In this episode, Nobel laureate Paul Romer argues that we need to look beyond both mitigation and suppression strategies for a sustainable alternative that is a lot less costly. This is needed to avoid further devastating effects of economic shut-down, living with fear, and Romer’s and host Russ Roberts’ greatest concern: the potential for a mobilizing force that could fundamentally change our society. This rich discussion includes the science of virus testing, explores prizes for firms as an incentive to innovate, and visits a recurring theme of how to preserve personal freedom and individual responsibility in society. Please add your voice to this important conversation in the comments below, we  love to hear from you. 

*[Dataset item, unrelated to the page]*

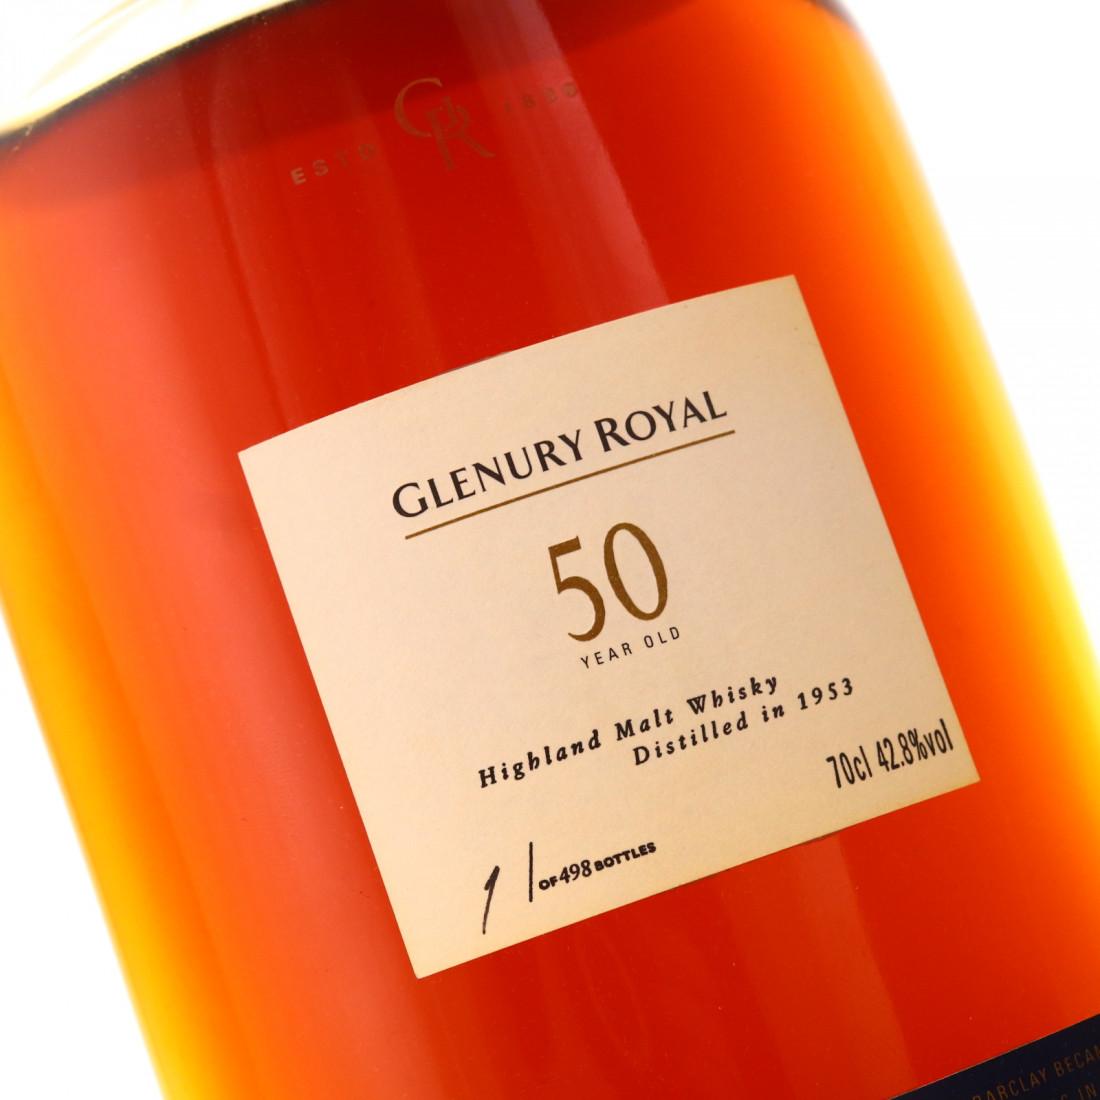 Glenury Royal 1953 50 Year Old / Bottle #1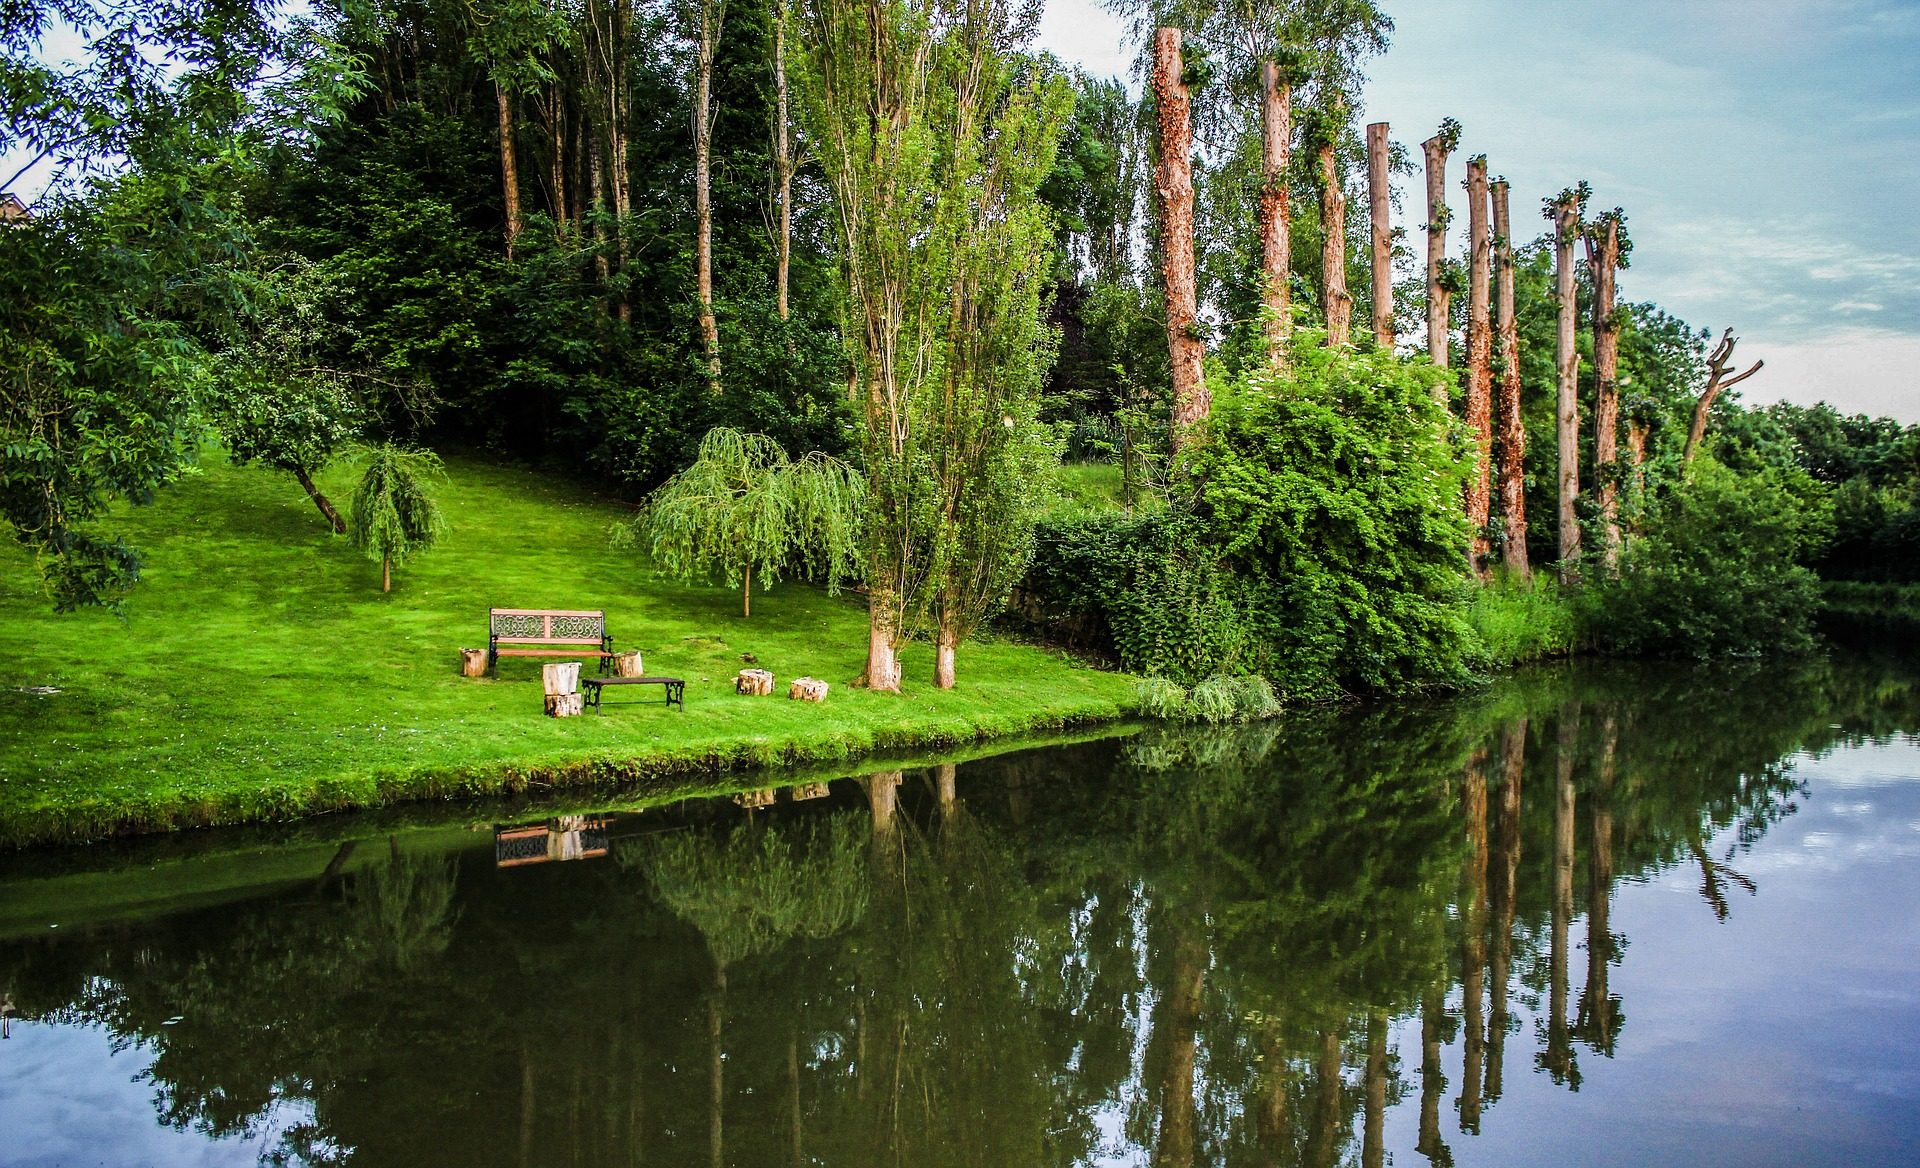 座位, 湖, 森林, 反思, 树木, 水, 放松 - 高清壁纸 - 教授-falken.com

1- Romer opens by suggesting that bygones should be ignored as we can’t change how we have handled this enormous shock to-date. What other examples of sunk cost effects have inhibited current decision making in this pandemic time?


2- In Romer’s  work on charter cities (discussed in this EconTalk from April 2019) he acknowledges the bad circumstances and bad outcomes resulting from the voluntary and involuntary movement of people away from dangerous areas in the world. In reacting to the COVID-19 crisis, Romer again claims that we face choices among only bad alternatives. Is Romer’s approach pessimistic? Not pessimistic enough? Explain.


3- Roberts itemizes the following three categories of costs beyond IFR (infection fatality rates). What should define the margin for the cost-benefit analysis of a $100B a year expenditure on tests and building testing infrastructure? What other costs should be added? 

           1) economic loss (GDP) 

           2) fiscal costs that will have to be repaid

           3)  costs to individuals such as unemployment, depression or worse


4- Would purchase commitments ensuring revenue or prizes for innovative firms that can scale up testing provide a more effective incentive? What short and long-run (unintended?) consequences might unfold?


5- Could government job creation in the vein of the Civilian Conservation Corps promote human dignity better than cash transfers or financial assistance to firms?  Are there ways this effort could create value, reduce fear and possibly contribute to the goal of returning toward normalcy? Explain.